The translation matrix is:

\[\begin{split}T = \begin{bmatrix}1&0&-0.5\\0&1&2\\0&0&1\end{bmatrix}\end{split}\]

So the matrix for the composite transformation is:

\[\begin{split}TRS = \begin{bmatrix}1&0&-0.5\\0&1&2\\0&0&1\end{bmatrix}\begin{bmatrix}0&-1&0\\1&0&0\\0&0&1\end{bmatrix}\begin{bmatrix}0.3&0&0\\0&0.3&0\\0&0&1\end{bmatrix} = \begin{bmatrix}0&-0.3&-0.5\\0.3&0&2\\0&0&1\end{bmatrix}.\end{split}\]

Note that $TRS$ would first apply S (scaling), then apply R (rotation), and last apply T (translation).

We need to be careful with the order of the matrices.

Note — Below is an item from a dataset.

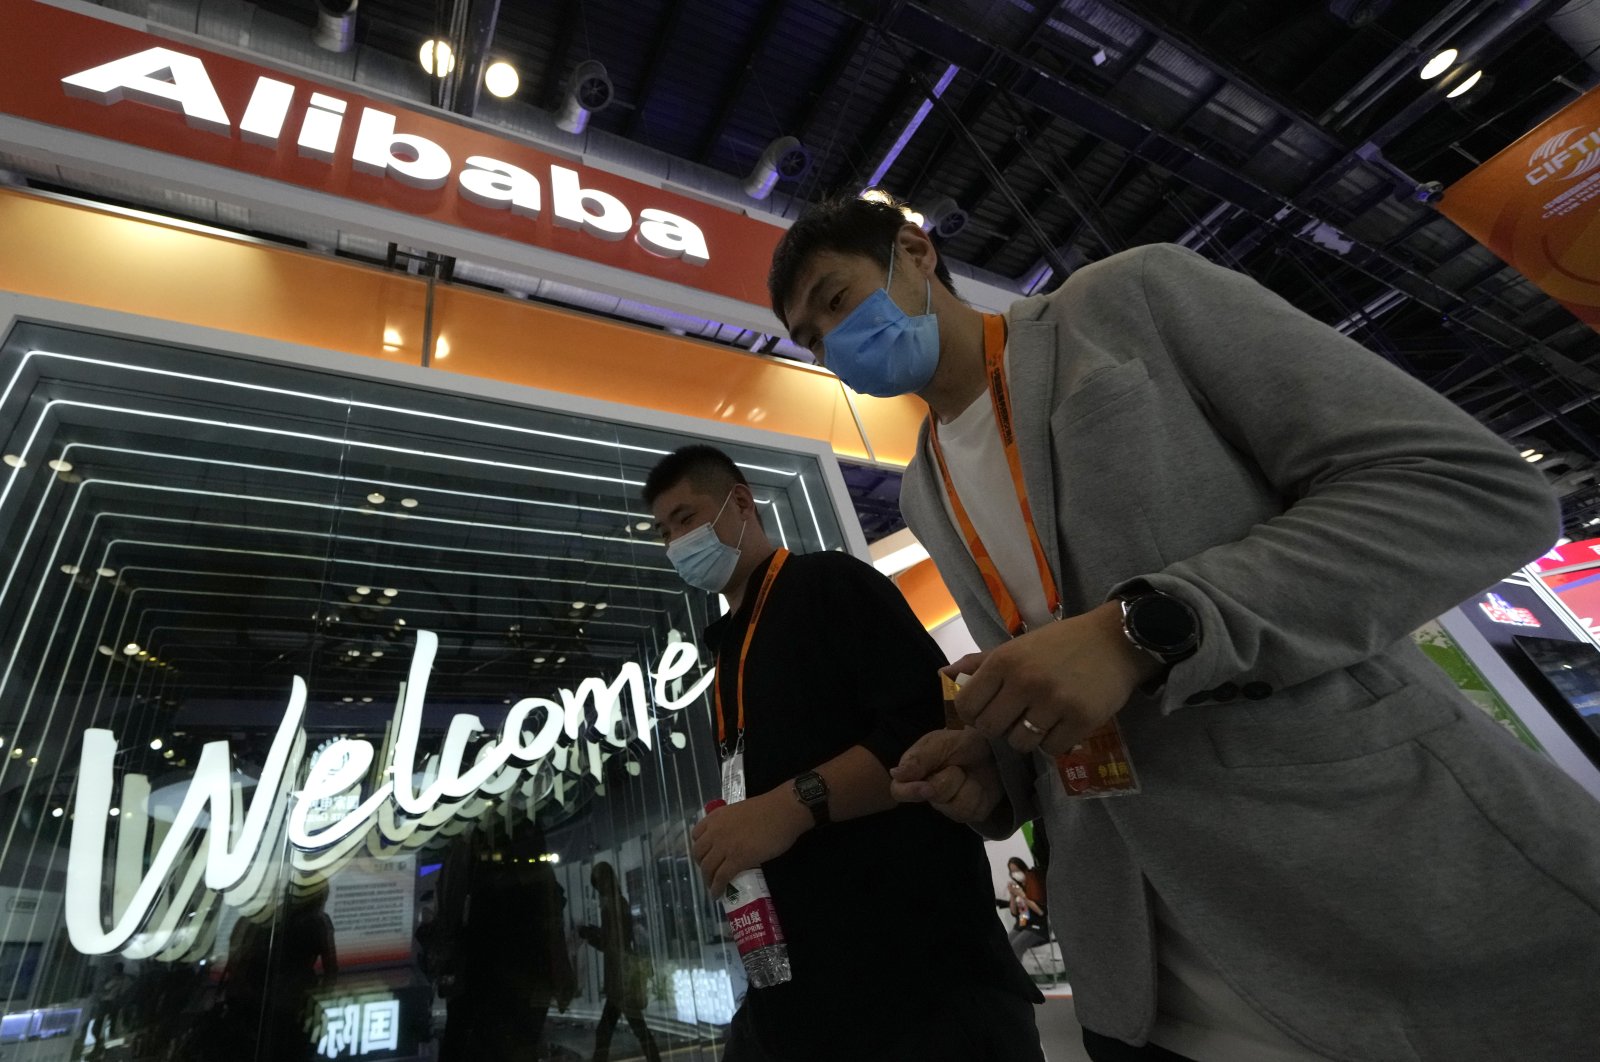 Visitors pass by the Alibaba booth during the China International Fair for Trade in Services (CIFTIS) in Beijing, China, Sept. 7, 2021. (AP Photo)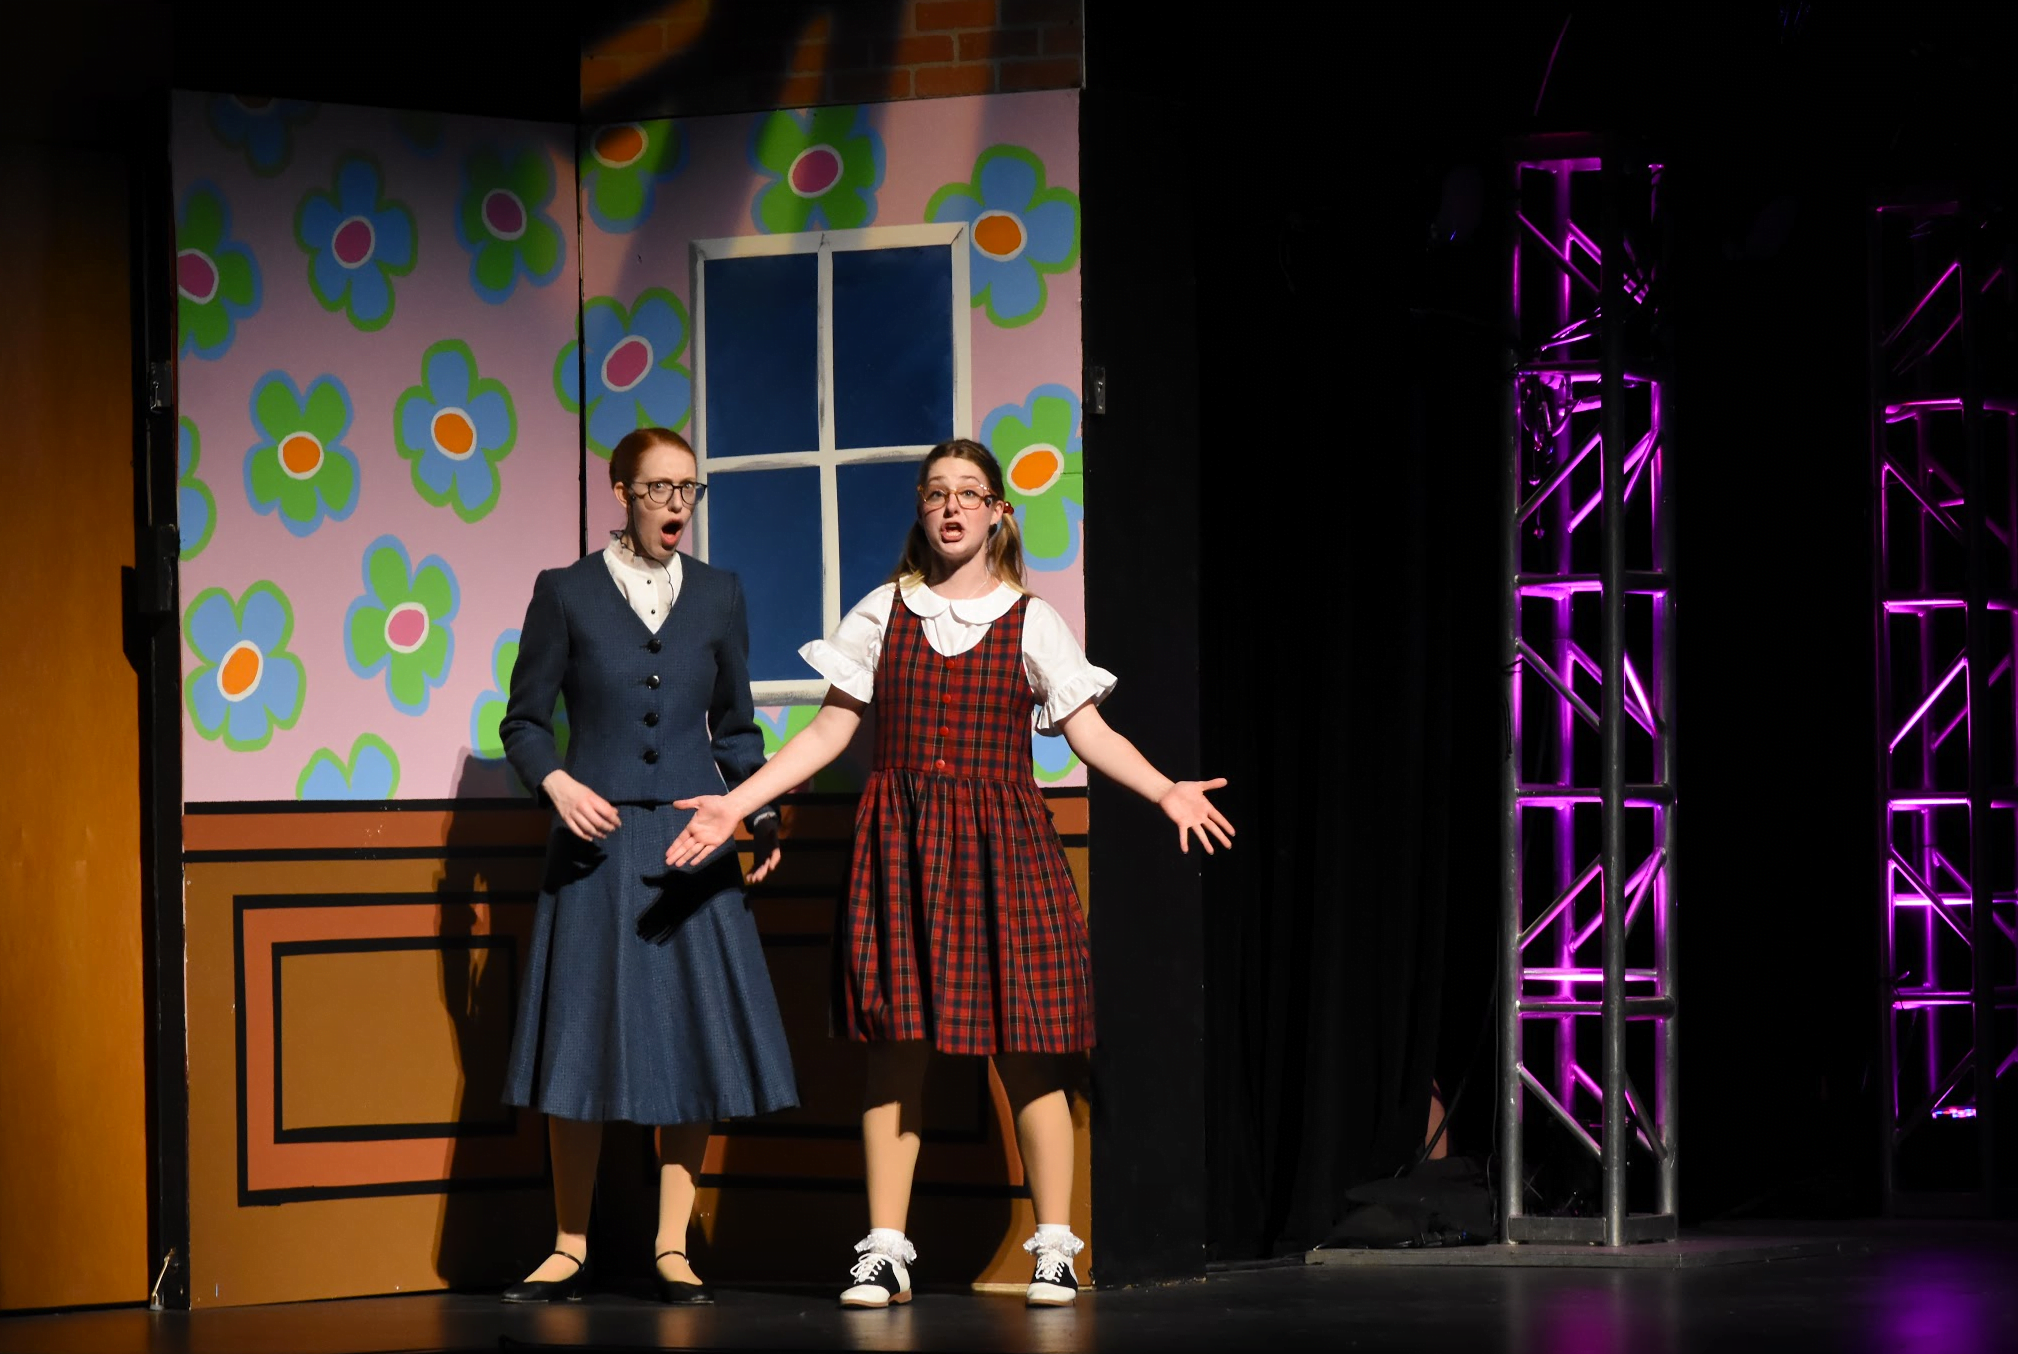 Dress rehearsal for GHS spring musical Hairspray! Photo Patty Doyle

Consider a vector $\mathbf{x}\in \mathbb{R}^2$. Let $P$ be projection matrix that projects $\mathbf{x}$ onto the x-axis and $R$ be a rotation matrix that rotates $\mathbf{x}$ by 30$^\circ$ about the origin. Note that $PR \ne RP$ where $PR$ first rotate the vector and then apply projection while $RP$ first projects the vector and then apply rotation.

Homework 7#

Homework 7 will allow you to explore these ideas by computing various transformation matrices. I will give you some 3D wireframe objects and you will compute the necessary matrices to create a simple animation.

Here is what your finished product will look like:

Application#

Physics Based Simulation

We use physics-based simulation to capture the real world phenomena.

By physices-based simulation, we often think about fluid, hair, cloth, etc.

Cloth Simulation

There are different methods to animate cloth.

Mass Spring System

We consider the cloth as a collection of particles interconnected with different types of springs to behave bending, shearing, etc. And Hooke’s Law and Newton’s 2nd Law are used as the equations of motion to capture the cloth behaviors.